Obviously they are taking overall losses to gain market share in a competitive and hyped new market like LLMs. Training better models than anyone else is absurdly expensive!
I don't think they have designed the revenue-generating part of their business with unit economics such that being successful at gaining paid customers causes their runway to run out faster than if they gained popularity at a slower rate.
Uber were operating a two-sided marketplace, where they needed to attract drivers in order to attract customers. This made it worthwhile for them to spend a few years losing money on every ride because they was an investment in growing that marketplace.
(Apparently Uber lost money per ride on average in new markets but claimed to be "contribution margin profitable to the tune of 8–9%" in the largest cities.)
Anthropic don't need to subsidize payments to their GPUs in order to convince them to stick around.
And hey, maybe I'm wrong. I think that if any of the credible major labs had designed their paid pricing such that their unit economics were net-negative that would be a very notable story in its own right.
To further support my intuition that Anthropic are unlikely to be losing money on a per-token basis: their API pricing is significantly higher than OpenAI and Gemini, to the point that it's a commercial disadvantage for them in terms of signing up those all-important API customers. Opus 4.5 is around 2x the price of GPT 5.2!
Another hint as to the unit economics of the industry over all is that OpenAI managed to 80% reduce the price of their o3 model last year with no reduction in quality thanks to "engineers optimizing inferencing". I saw this as yet more evidence that pricing is at tied to fundamental costs, not exclusively market grabbing strategies.
Anthropic is comparitively little known outside tech circles compared to OpenAI, Google and so-on. Their long-term survival as a (large) business likely depends on them being known as a market leader with Claude Code and leveraging their first-mover advantage as much as possible.
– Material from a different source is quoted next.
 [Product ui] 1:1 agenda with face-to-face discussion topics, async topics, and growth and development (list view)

The business goal of the subscriptions is to grow userbase, increase reputation, brand recognition, etc - ensure people want to give their money to Anthropic well into the future. Other harnesses treat LLM providers as switchable commodities - the exact opposite to this goal.
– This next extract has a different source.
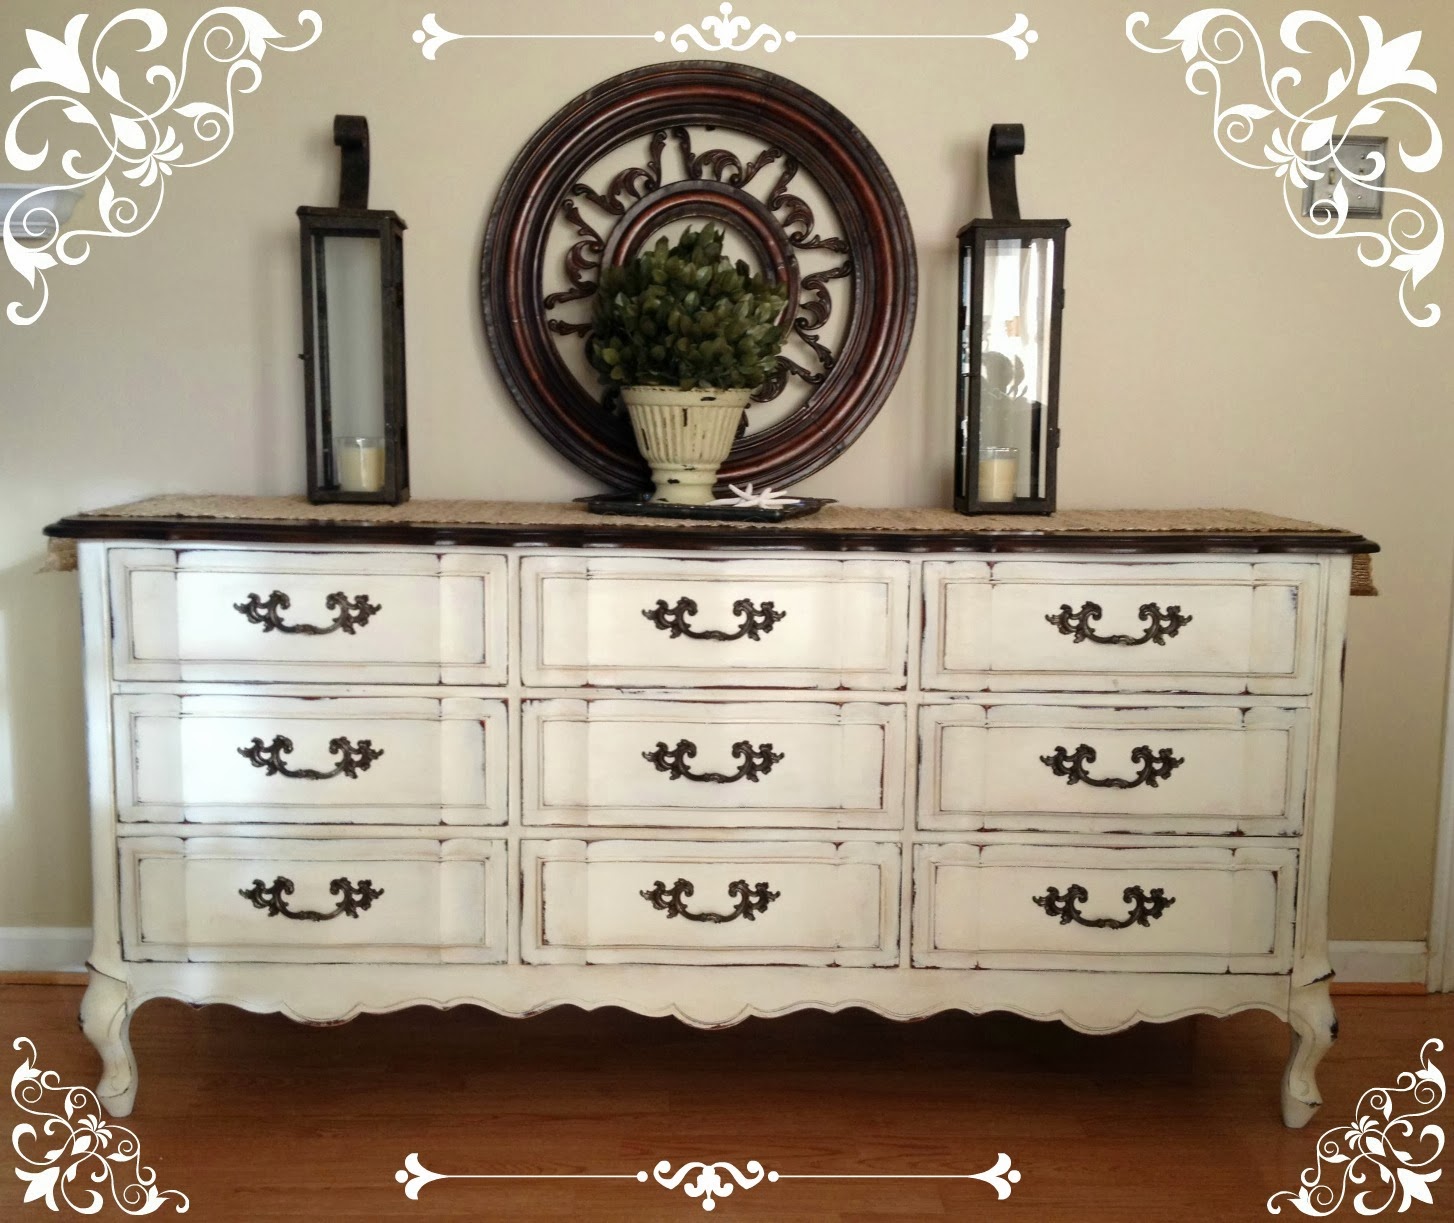 Vintage Country Style: Get Inspired! Before & After Chalk Paint!

On the other hand, I can see their point of view because people were costing them a lot of money! So are the people who are Discounters worth the amount of money that they're charging for the AI burning the environment?
Isn't it a normal part of OAuth that a token can be meant for a particular "audience" to use on the user's behalf, and that if some other service is given that same token it should reject it? It's up to each service handling the token to enforce, true. The token belongs to the user, true. I'm just not surprised the token issuer expects the token to be used for that sole purpose.
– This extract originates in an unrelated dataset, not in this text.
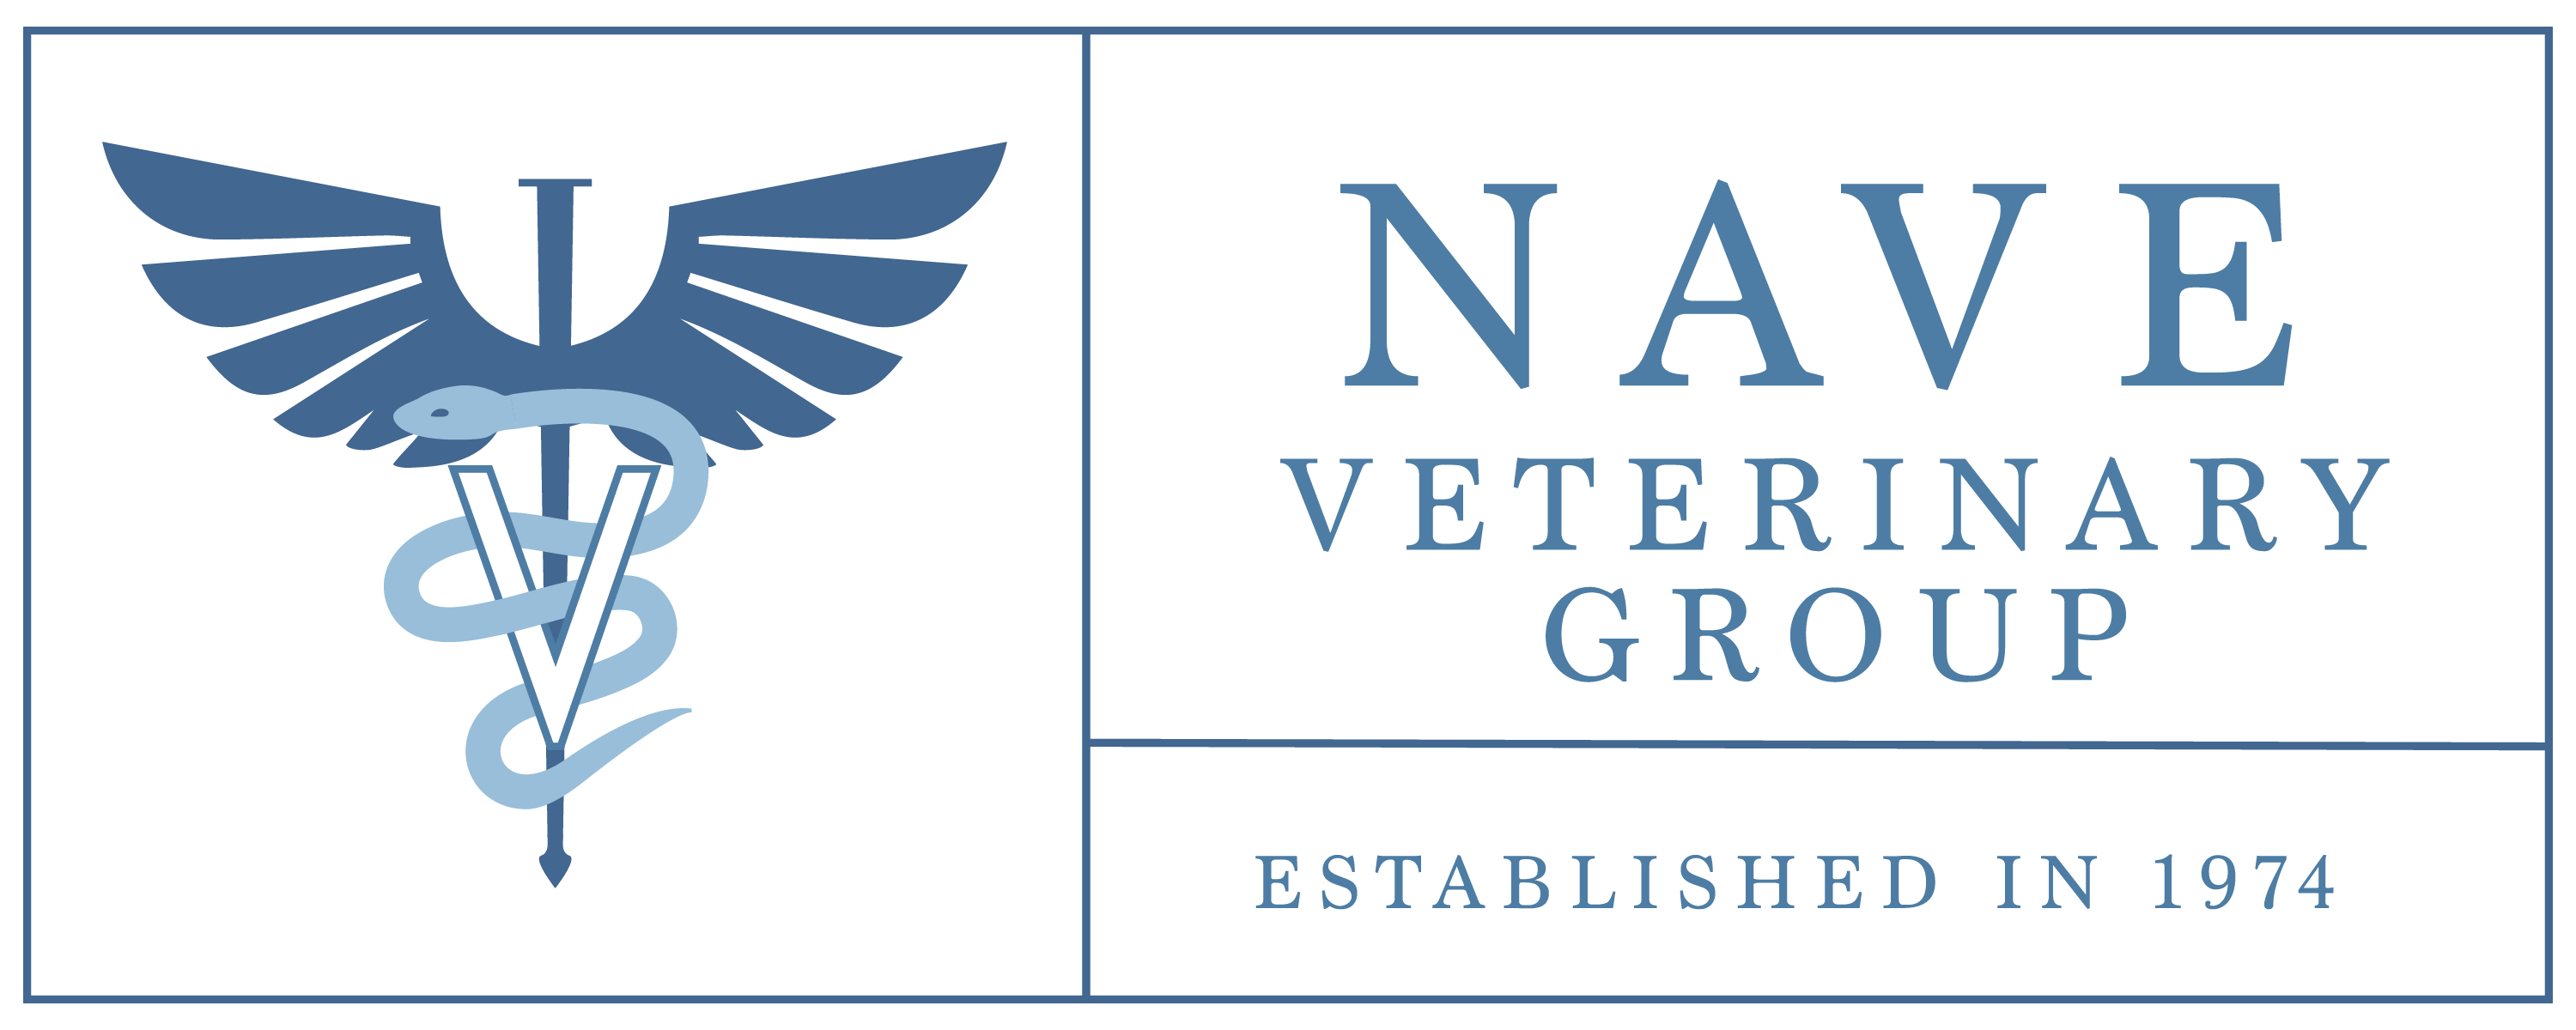 The Nave Veterinary Group

Yes, the OAuth token is bound to a client ID (The audience is who the token is sent to, i.e. the Claude API).
A traditional server side web app has a client secret used to request tokens and can keep the tokens server side, so the client can prevent others from using its tokens.
Claude code and other native apps are “public clients”. Public clients have a client ID but don’t get a secret. For the device flow like Clause uses you redirect to a localhost server or just give the user a code to enter. You can’t really prevent someone from impersonating the client but the client ID is still only meant for one app to use.